RECORDED DATA:
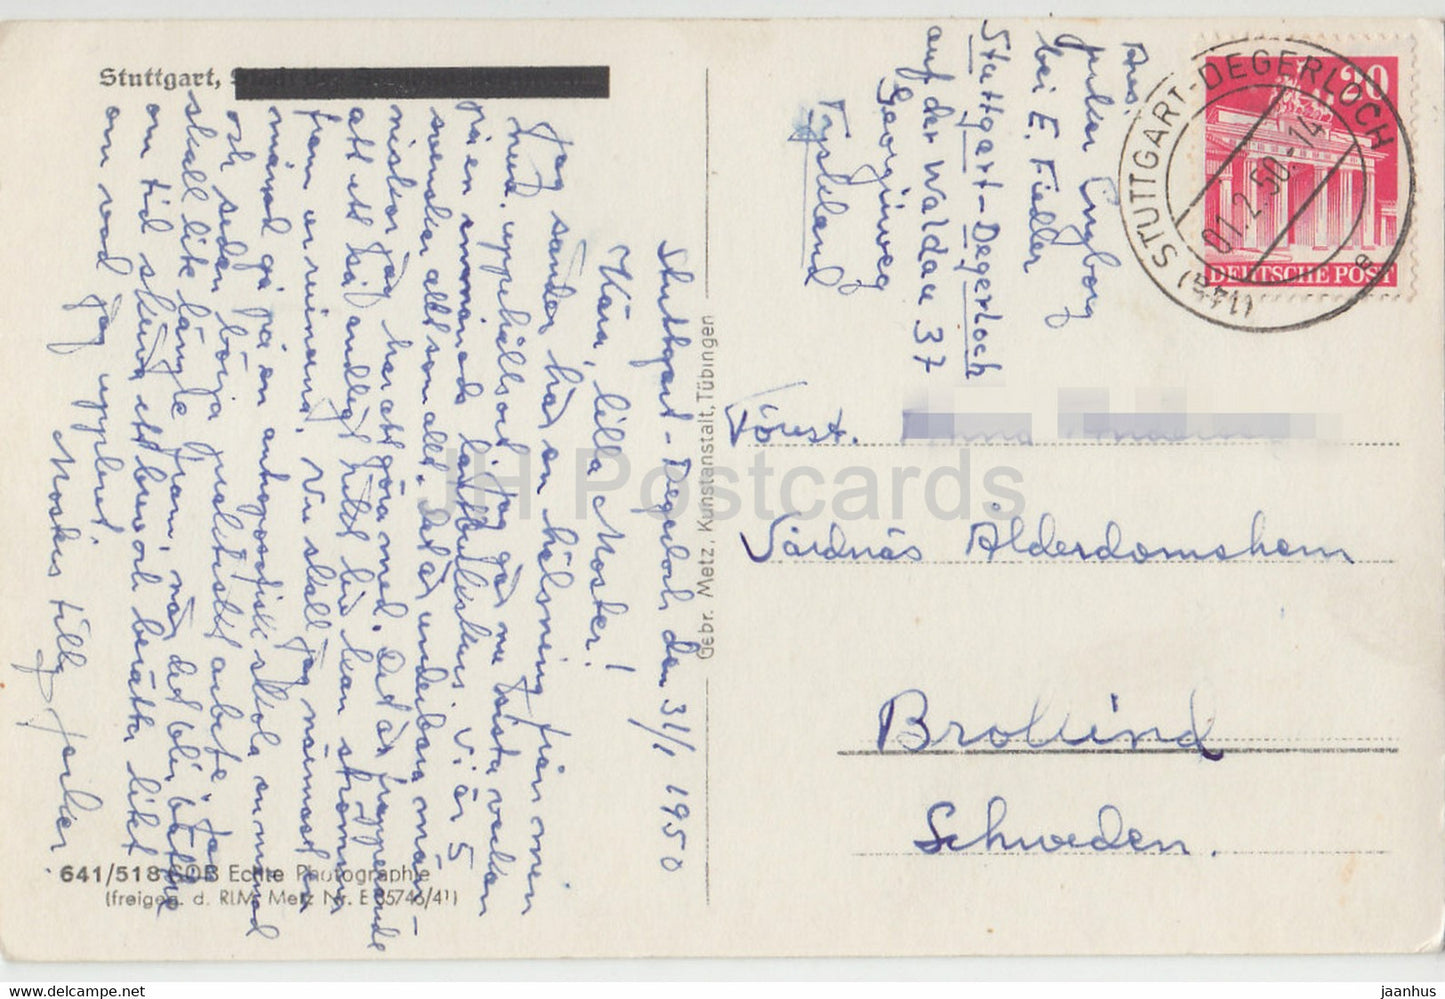 Stuttgart - carte postale ancienne - 1950 - Allemagne - utilisé
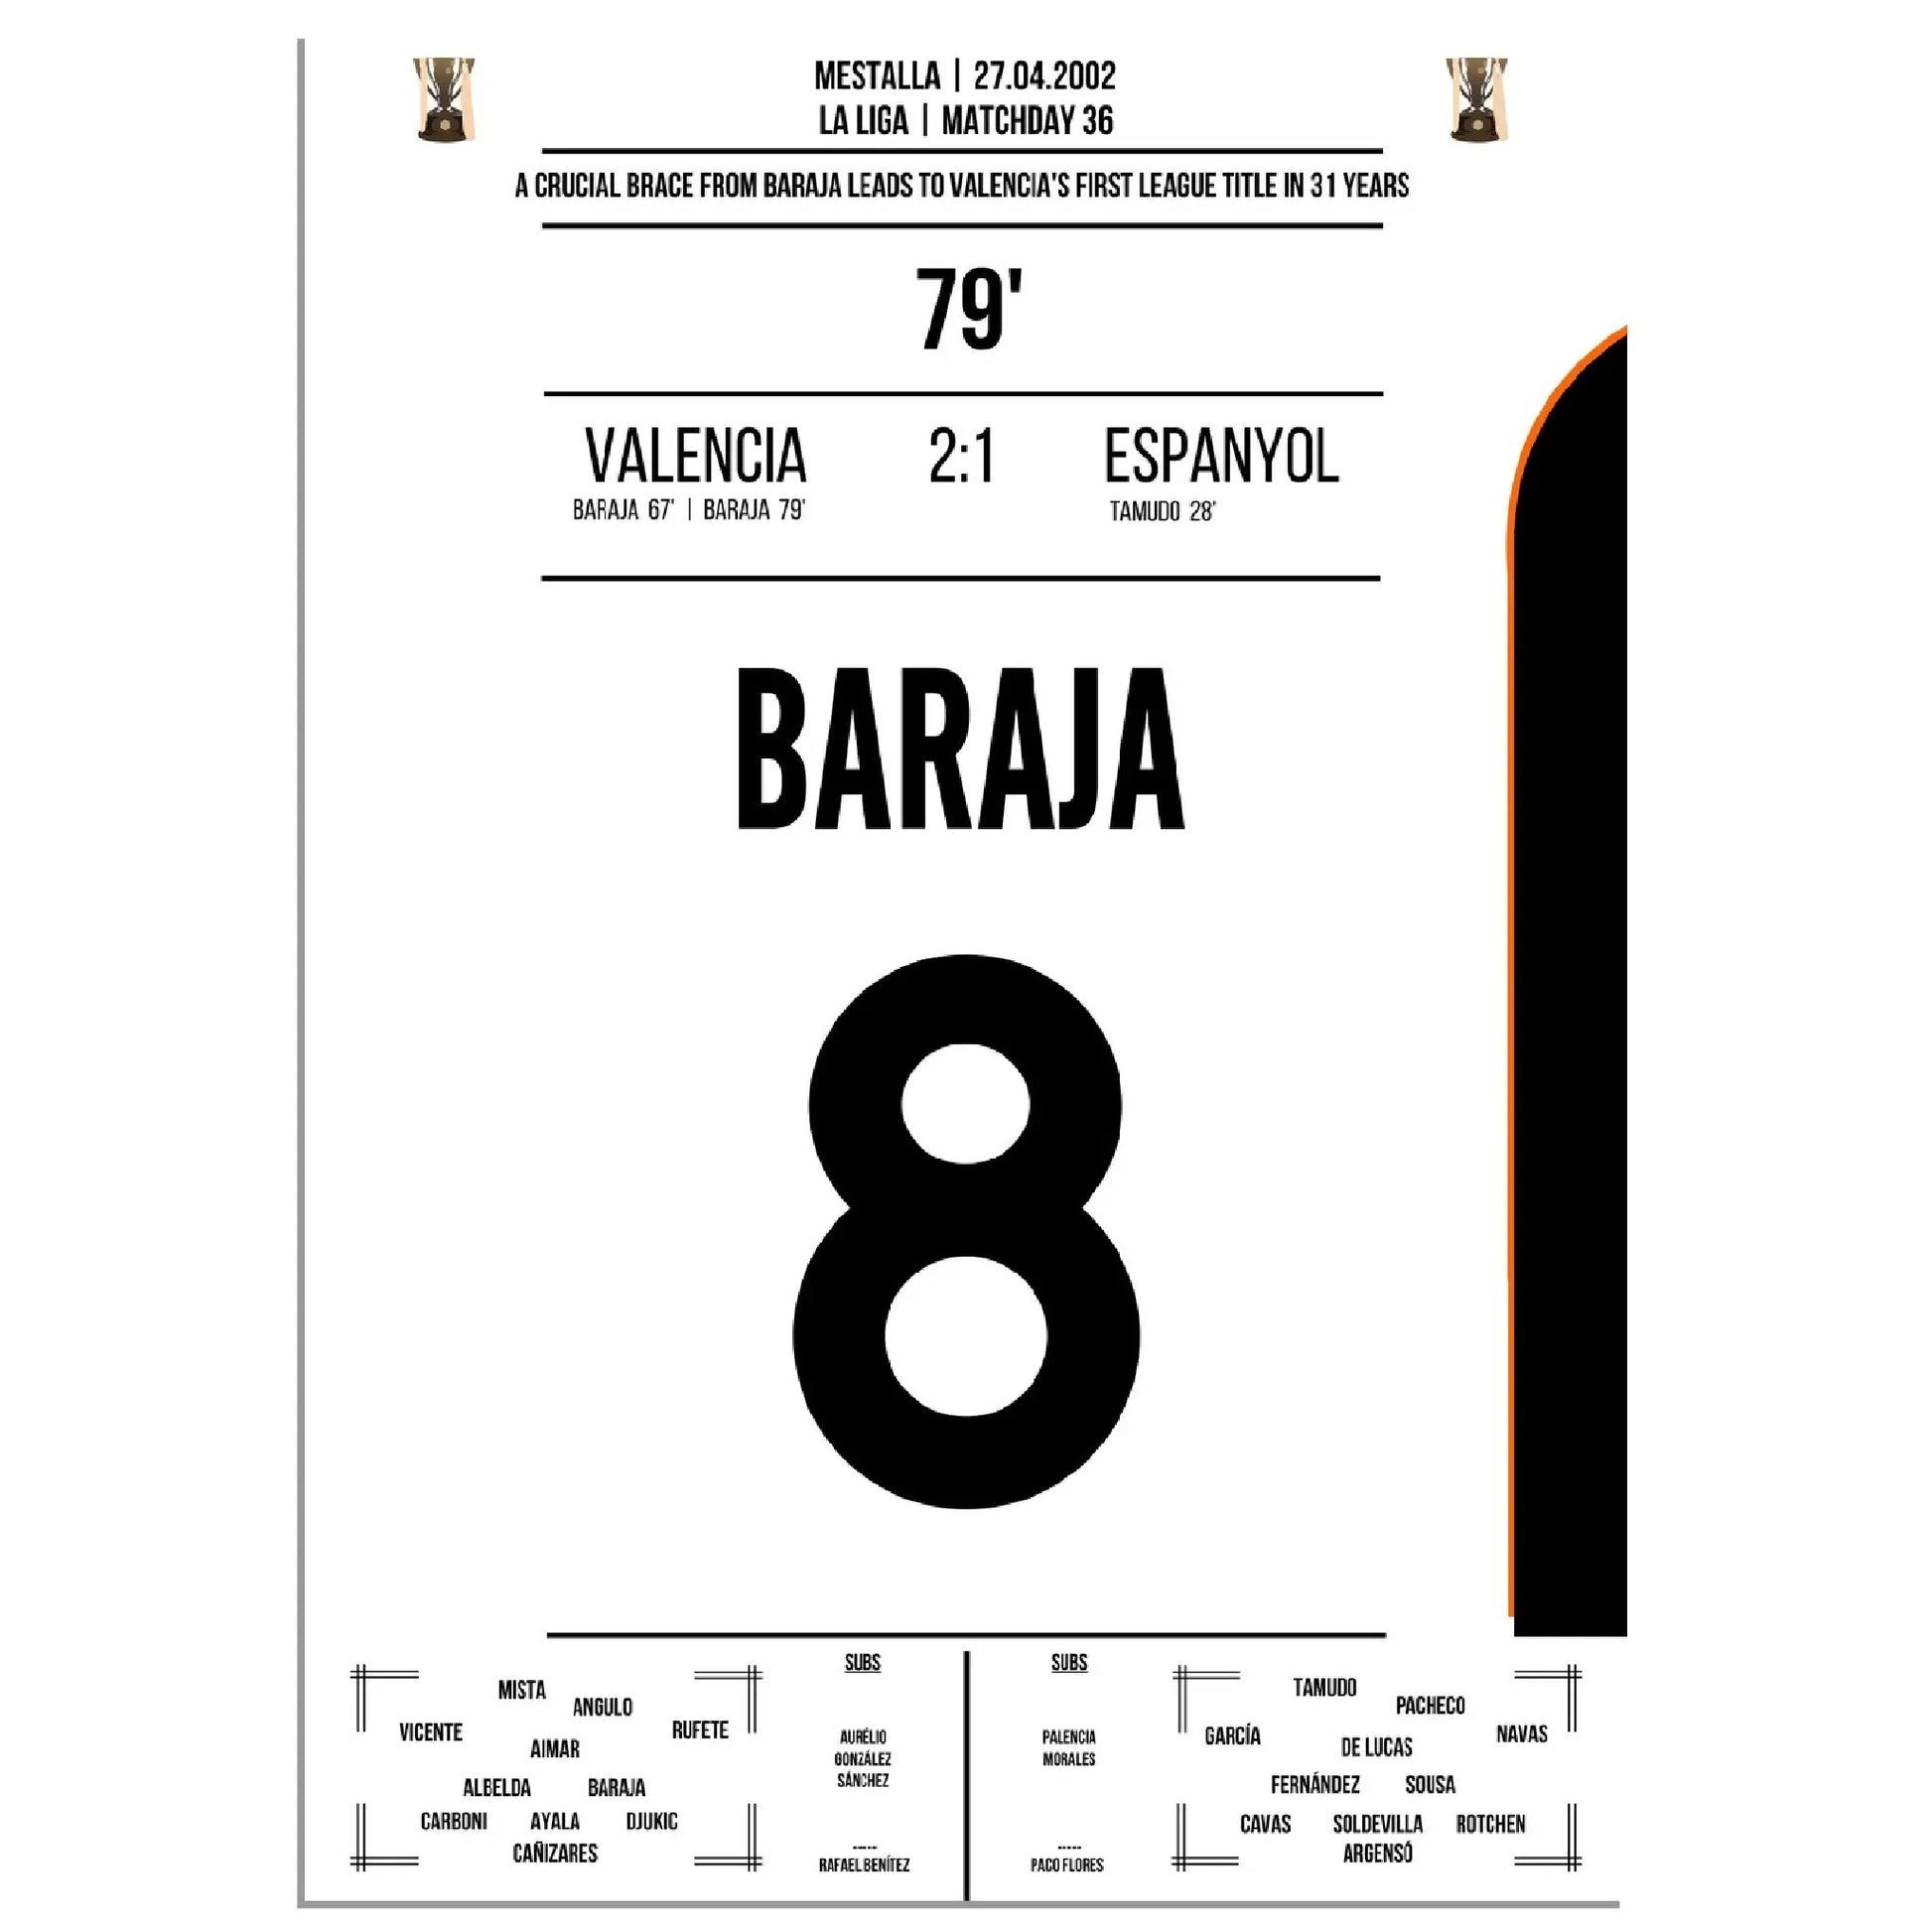 Baraja dreht das Spiel gegen Espanyol auf dem Weg zu Valencia's erster Meisterschaft nach 31 Jahren 
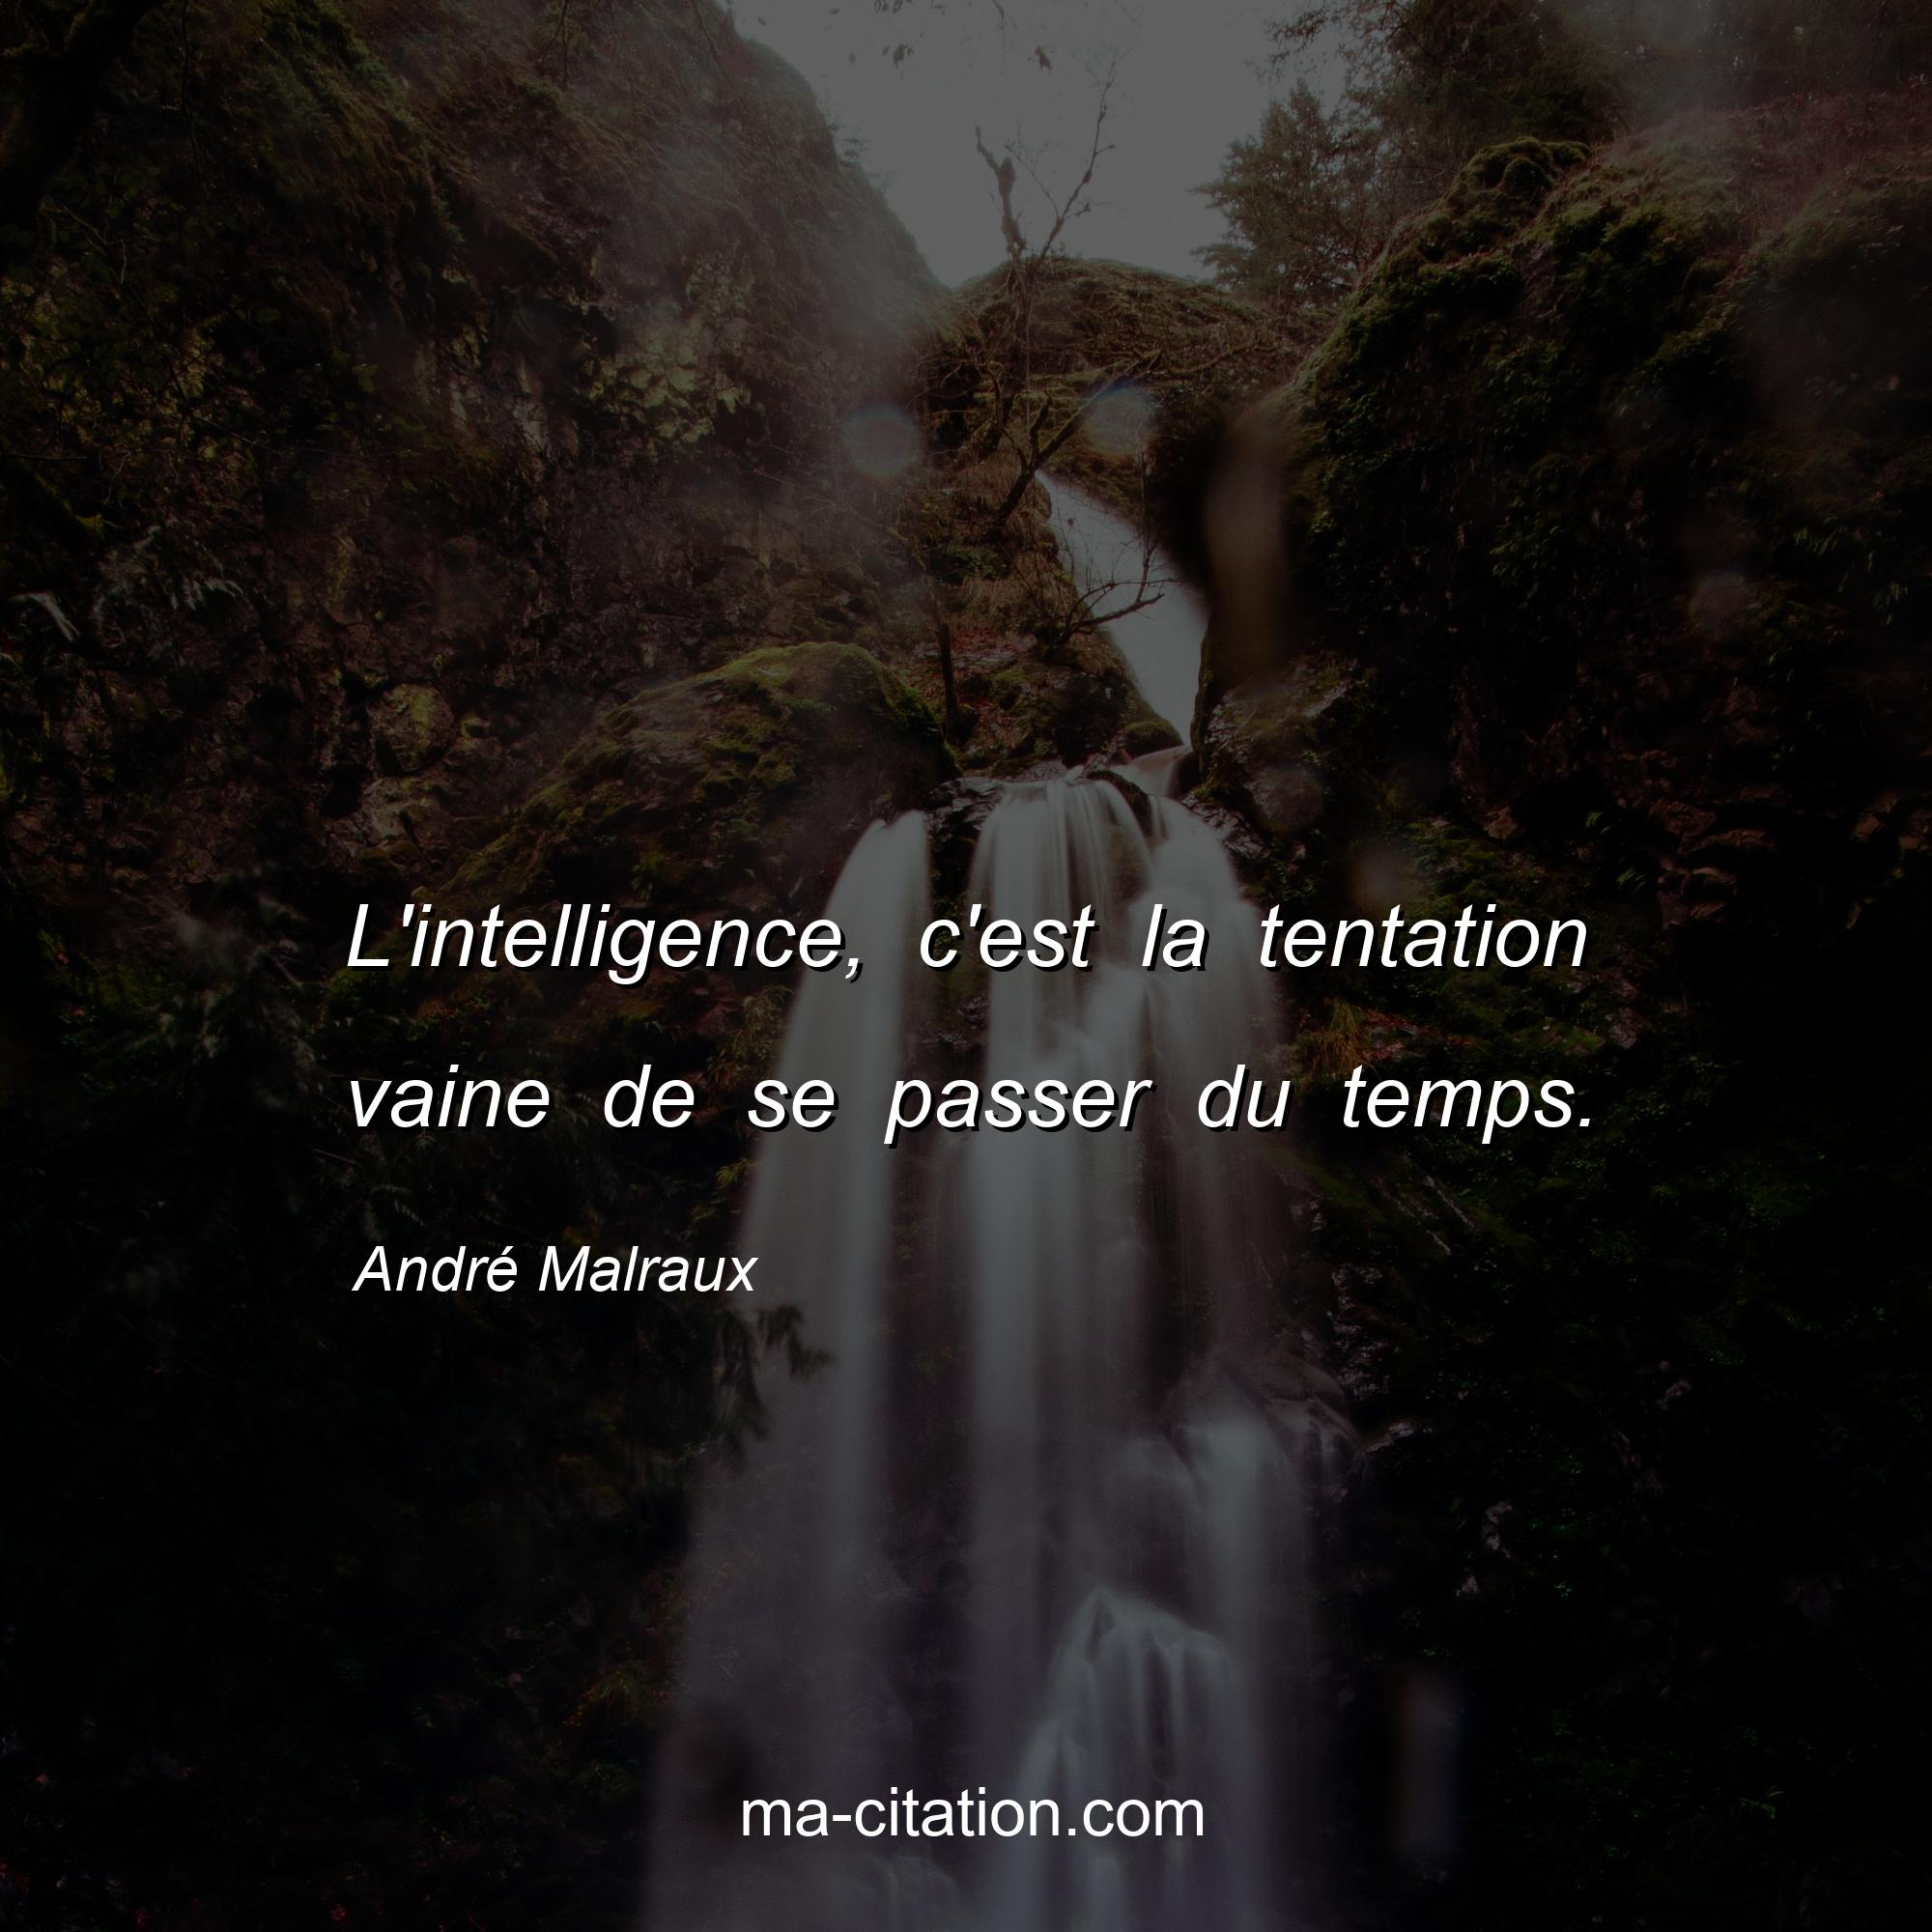 André Malraux : L'intelligence, c'est la tentation vaine de se passer du temps.

INSTRUCTIONS FOR THE TASK:
Everything from the line with "Baraja dreht das" through the final line of the material is to be returned exactly, both ends included, apart from the pictures.

SOLUTION TO THIS EXERCISE:
 Baraja dreht das Spiel gegen Espanyol auf dem Weg zu Valencia's erster Meisterschaft nach 31 Jahren 
 André Malraux : L'intelligence, c'est la tentation vaine de se passer du temps.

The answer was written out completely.